Chronic motor or vocal tic disorder is characterized by what appear to be uncontrollable tics, which are sudden, rapid, recurrent movements or vocal sounds. If a child has both motor and vocal tics, he is diagnosed with Tourette’s disorder; if he has only motor tics or vocal tics, but not both, he is diagnosed with chronic motor or vocal tic disorder. A very small percentage of children have coprolalia, which involves involuntary cursing or making socially inappropriate remarks.
Symptoms of chronic motor or vocal tic disorder:
- Shoulder shrugging
- Eye blinking
- Lip biting
- Facial grimacing
- Clearing of the throat
- Humming, sniffing, snorting, or squealing
Child may report an uncomfortable feeling in his body before a tic occurs; this is called a “premonitory urge”
Treatment and Prognosis
Chronic motor or vocal tic disorder may be treated behaviorally and/or with medication.

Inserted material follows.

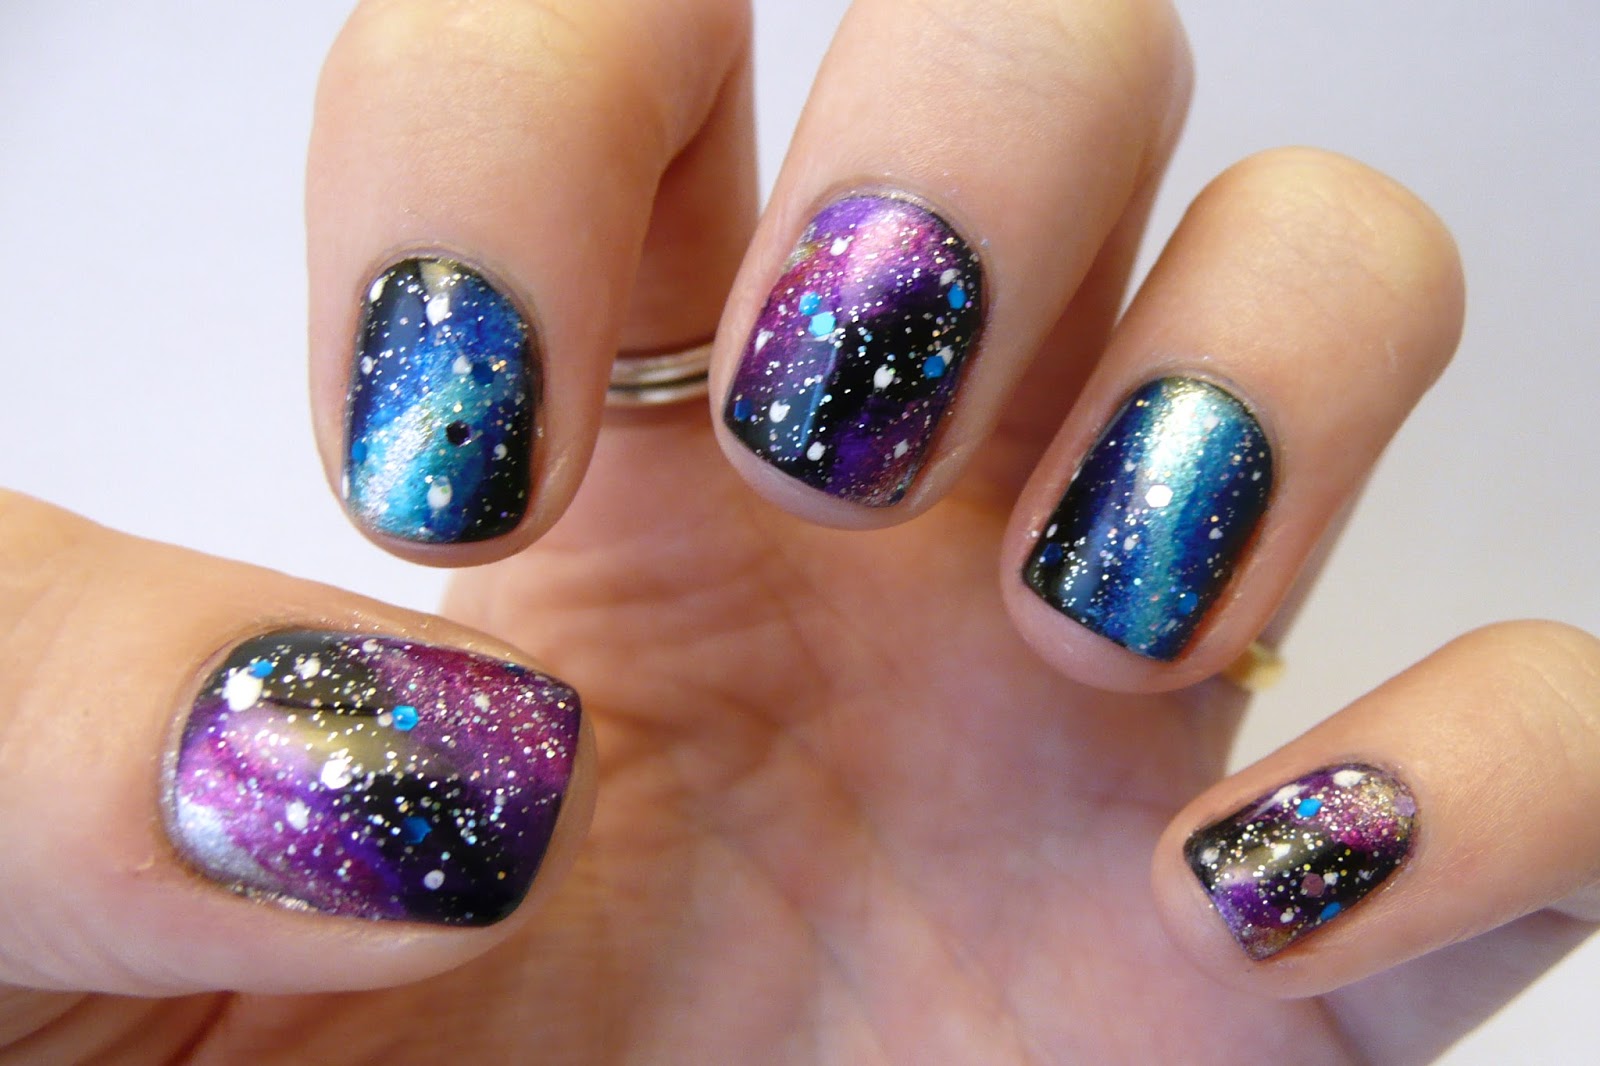 3. "42" galaxy nail art design - wide 9

Behavioral Therapy: The best-known behavioral treatment is a form of cognitive behavioral therapy (CBT) called habit reversal training. If a child gets a premonitory urge before the oncoming tic, he’s taught to recognize it and identify the situations that may trigger it. The child and therapist develop a “competing” response-an action the child performs when he feels the urge-that is incompatible with the tic, and less noticeable to others. For example, a child whose tic involves sniffling his nose may do a breathing exercise instead. Children may also be taught relaxation techniques to decrease the frequency of the tics.
Pharmacological: There are a variety of medications commonly prescribed to help control the symptoms of tic disorder, and an experienced professional should closely monitor any course.